● **SOURCE DATA**:
--
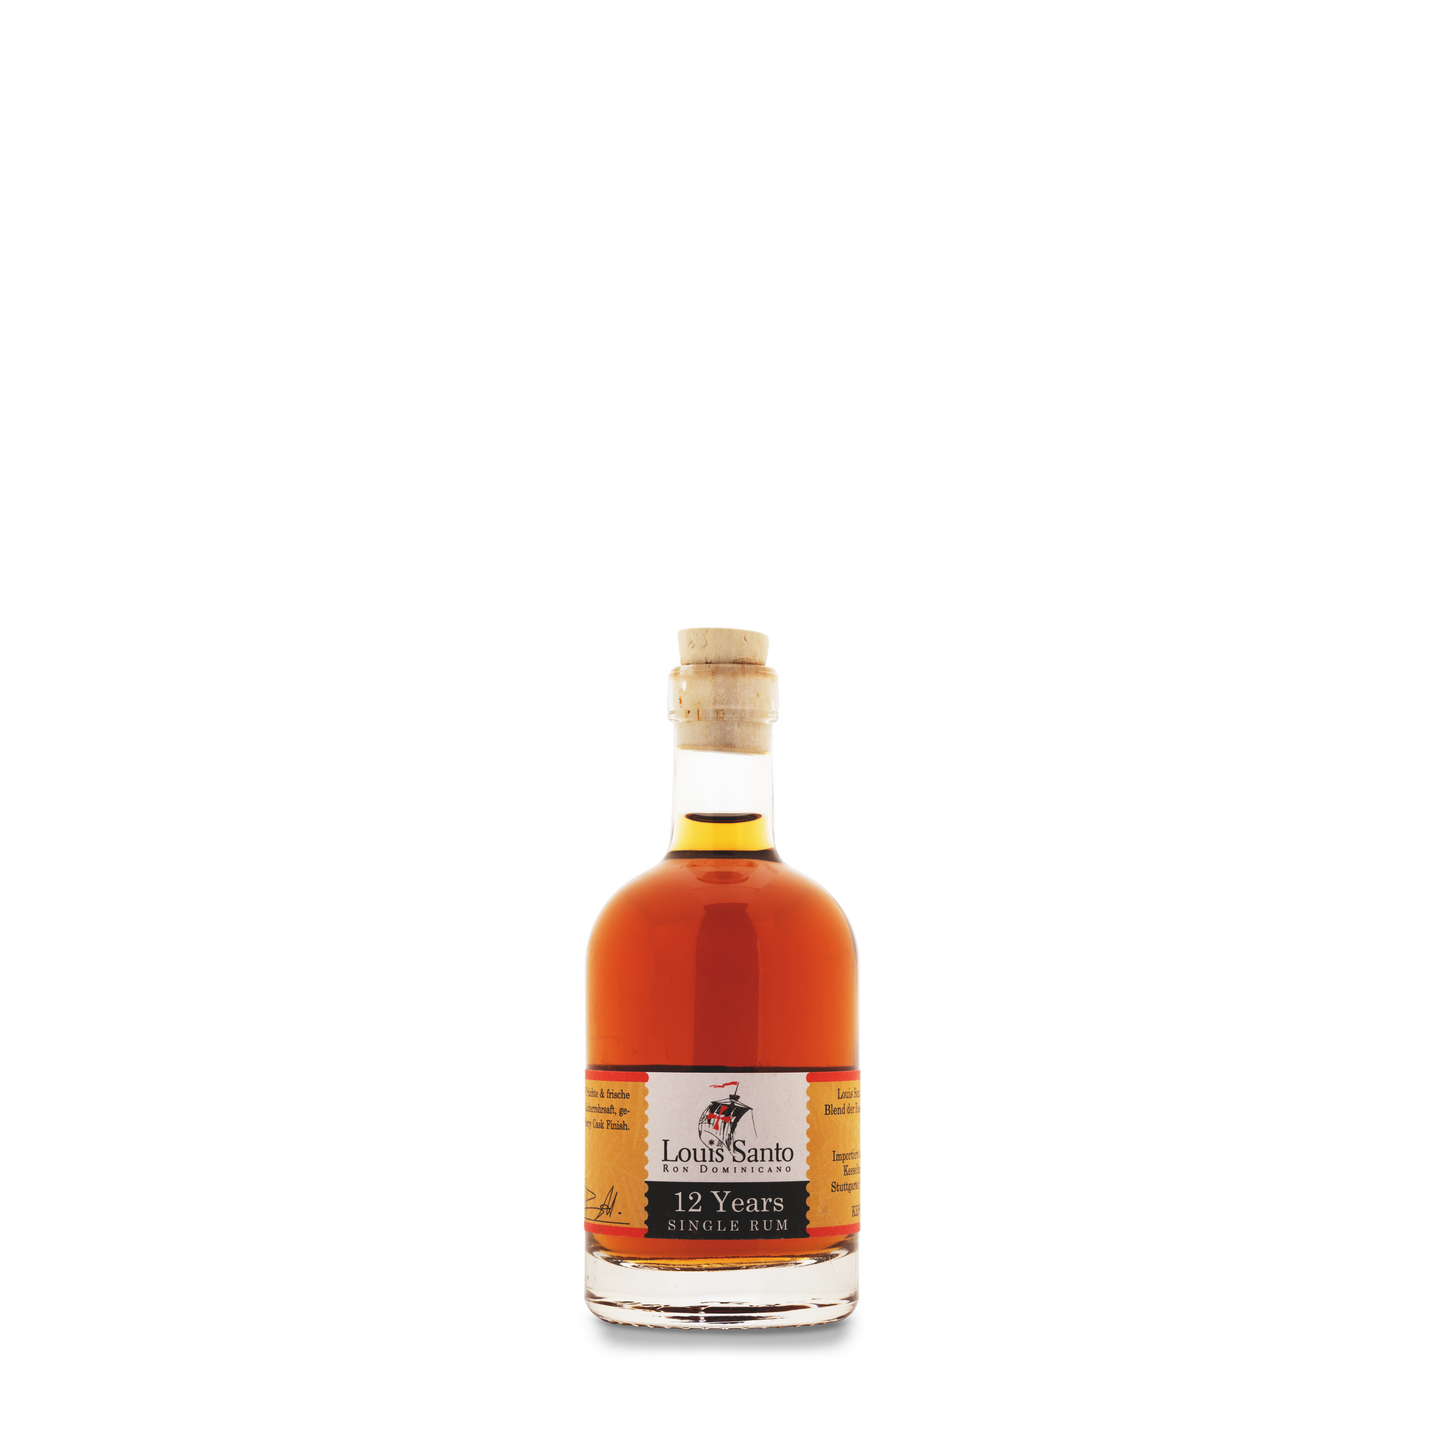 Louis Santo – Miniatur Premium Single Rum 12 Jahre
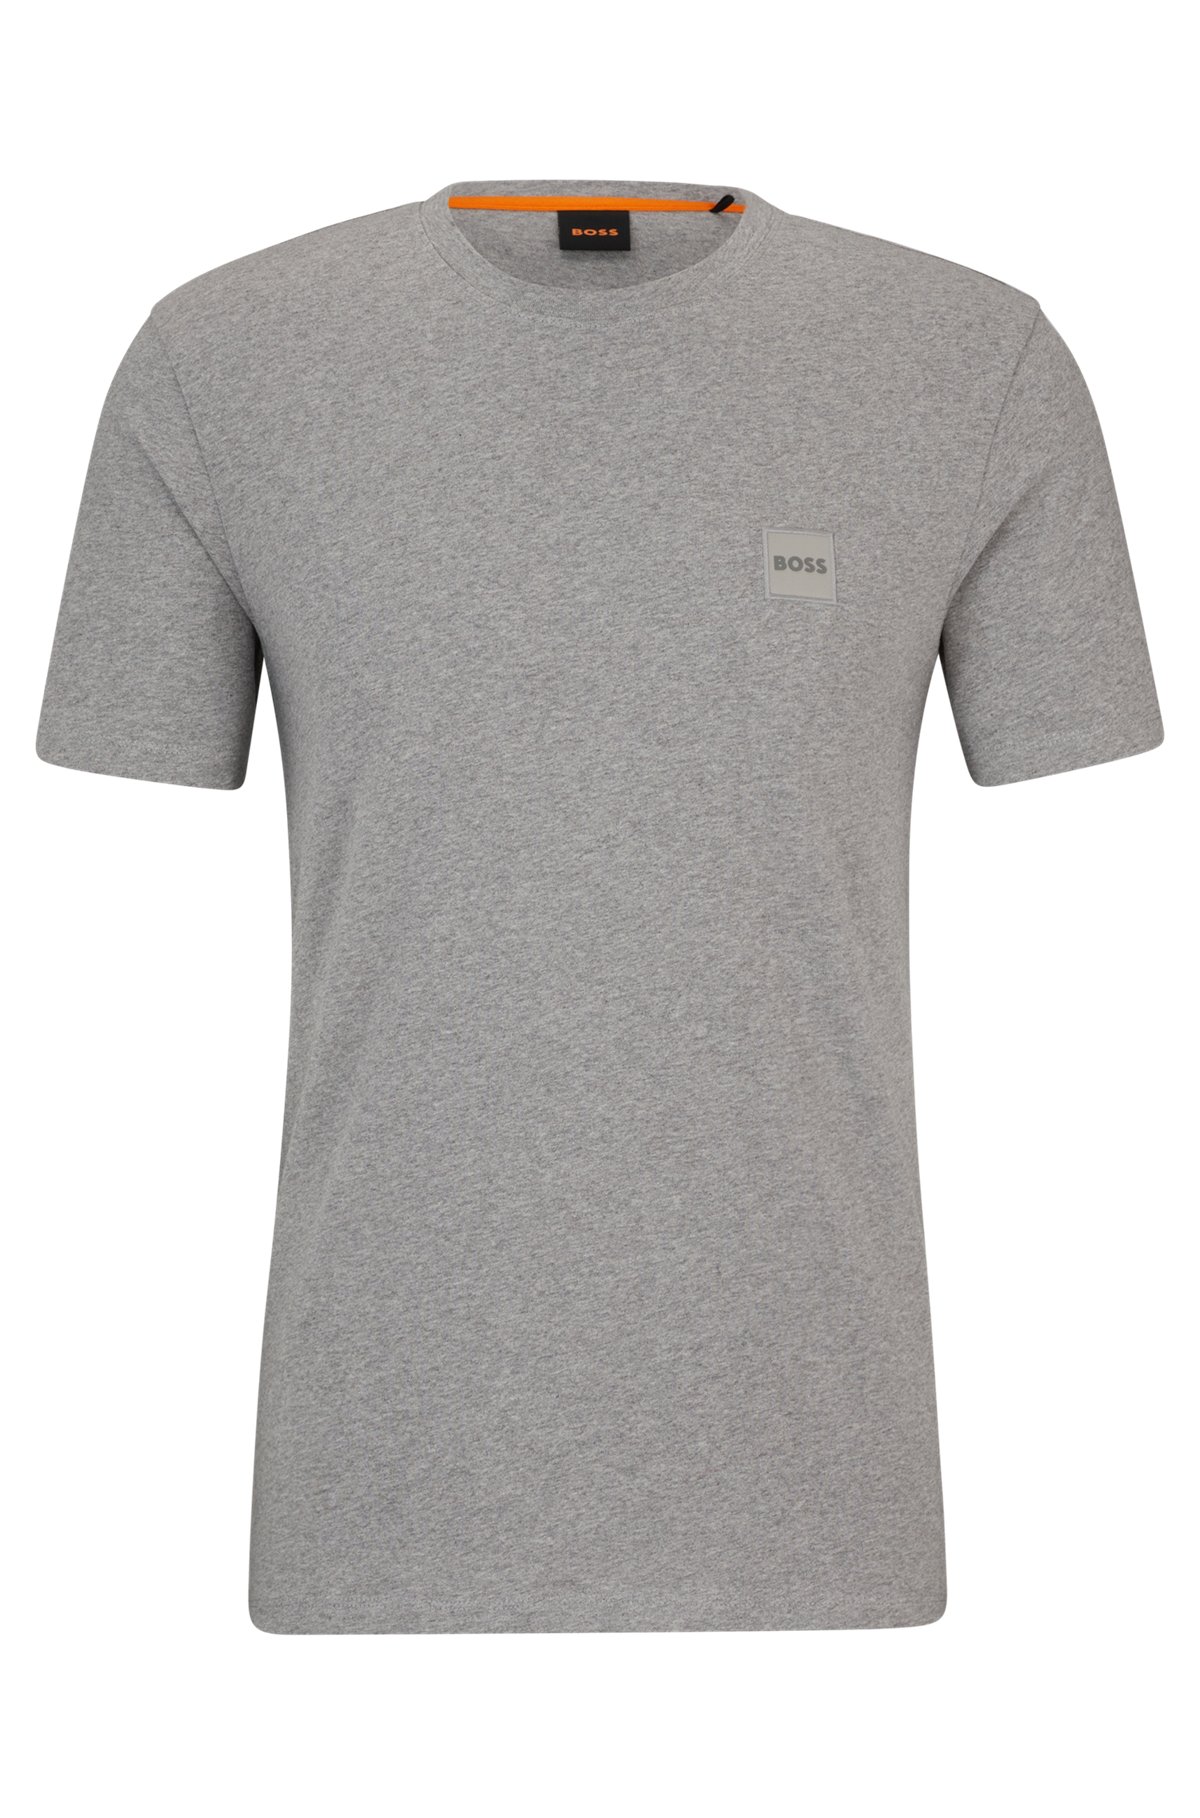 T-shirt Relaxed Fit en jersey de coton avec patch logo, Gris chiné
--
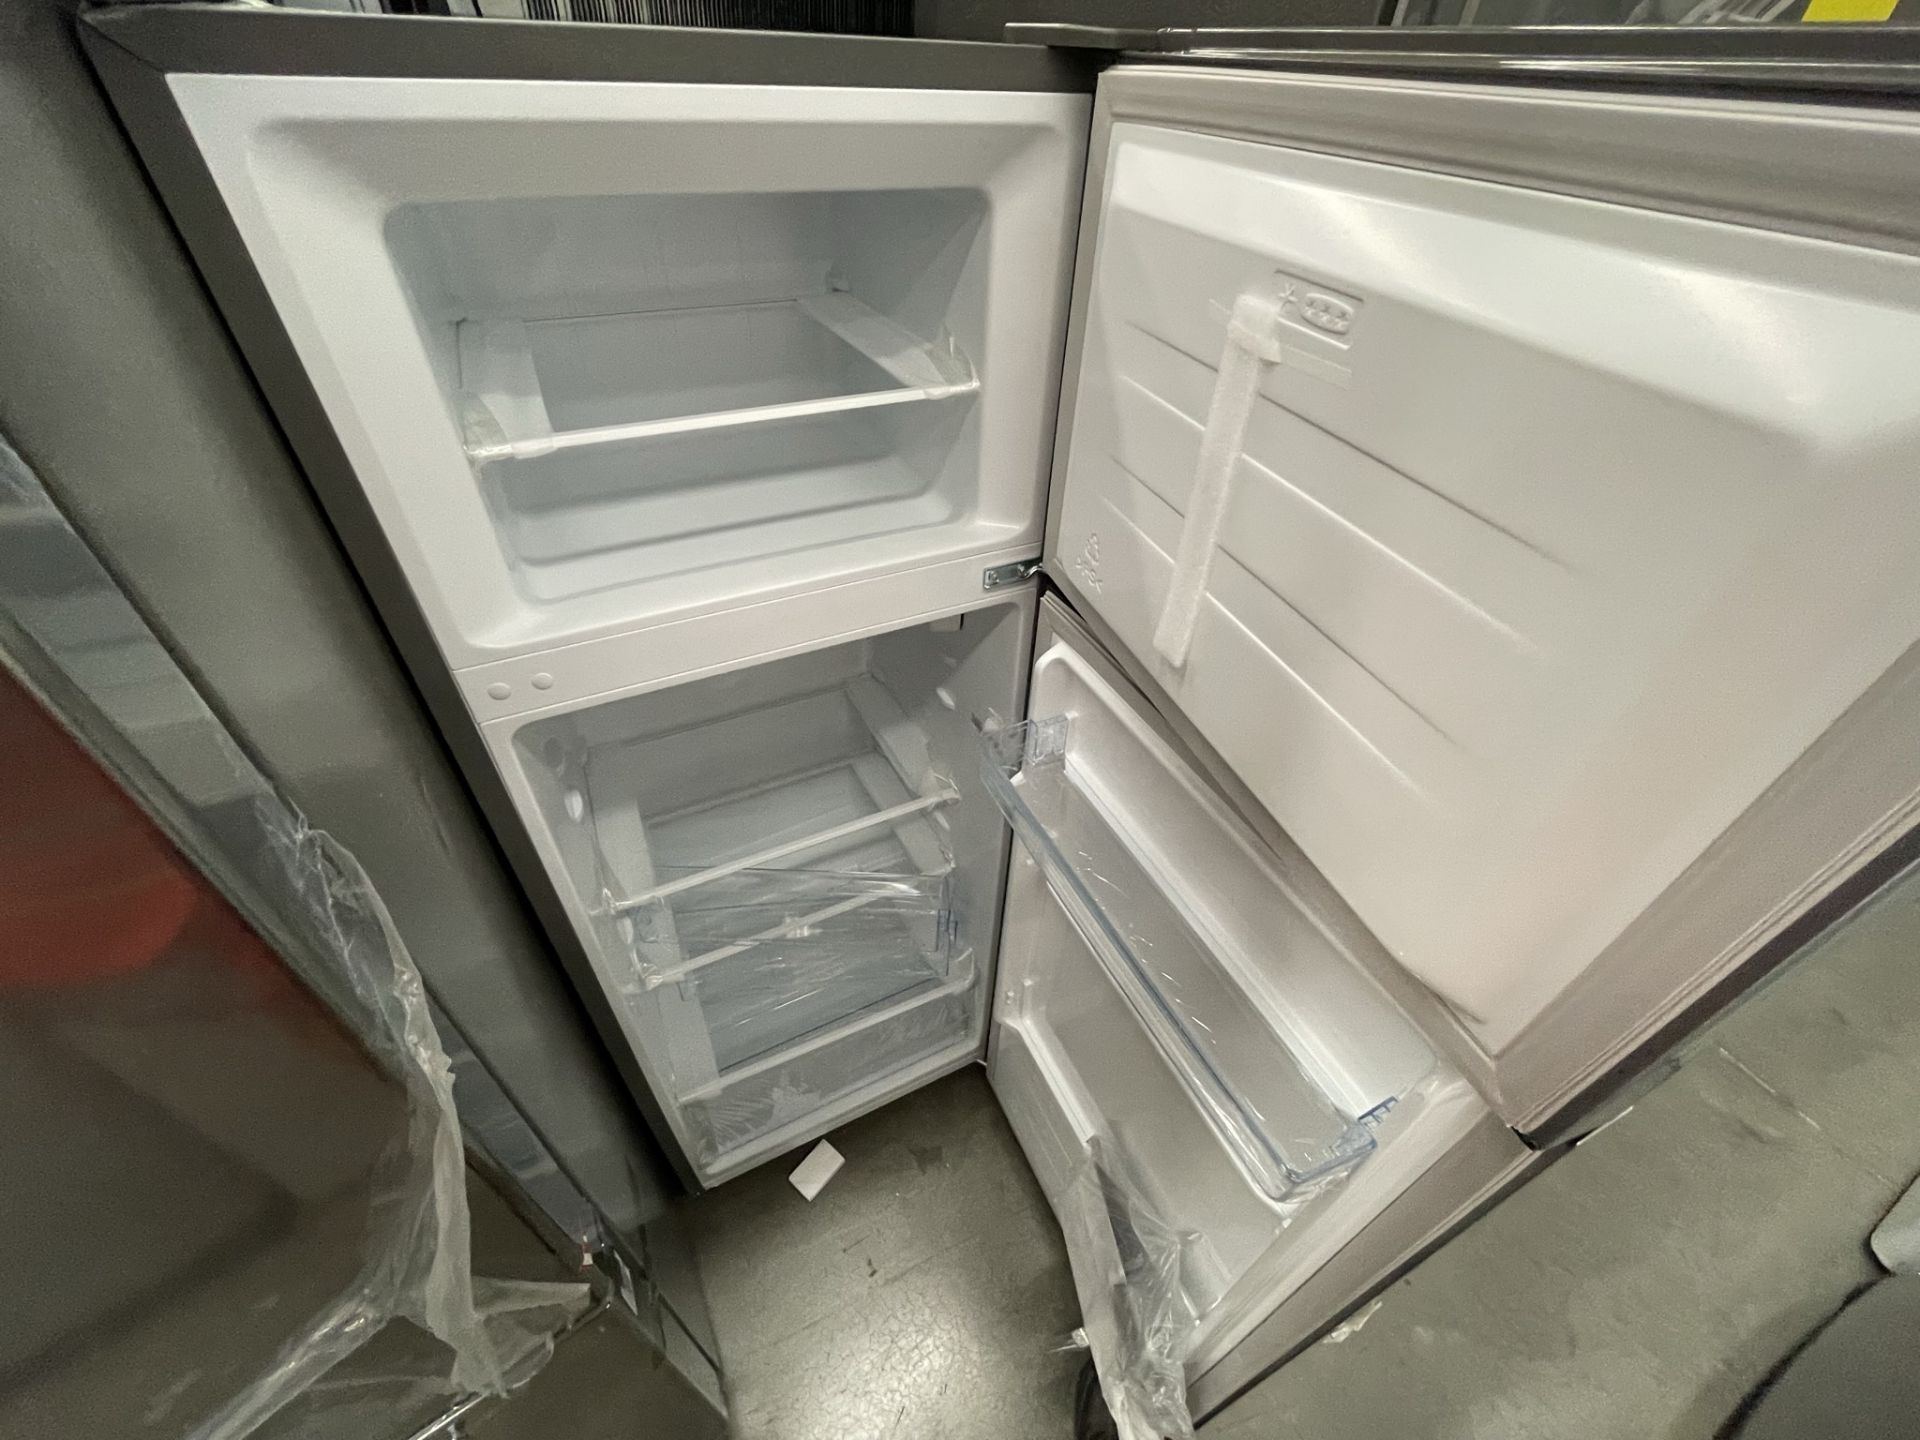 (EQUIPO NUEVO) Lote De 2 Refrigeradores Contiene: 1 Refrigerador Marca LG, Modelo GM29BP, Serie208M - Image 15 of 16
--
● **EXERCISE AIM**:
Your reply should consist solely of the lines above from the line containing "Louis Santo –" up to and including the line containing "T-shirt Relaxed Fit en", reproduced exactly, minus the pictures.

● **ANSWER SPACE**:
 Louis Santo – Miniatur Premium Single Rum 12 Jahre
 T-shirt Relaxed Fit en jersey de coton avec patch logo, Gris chiné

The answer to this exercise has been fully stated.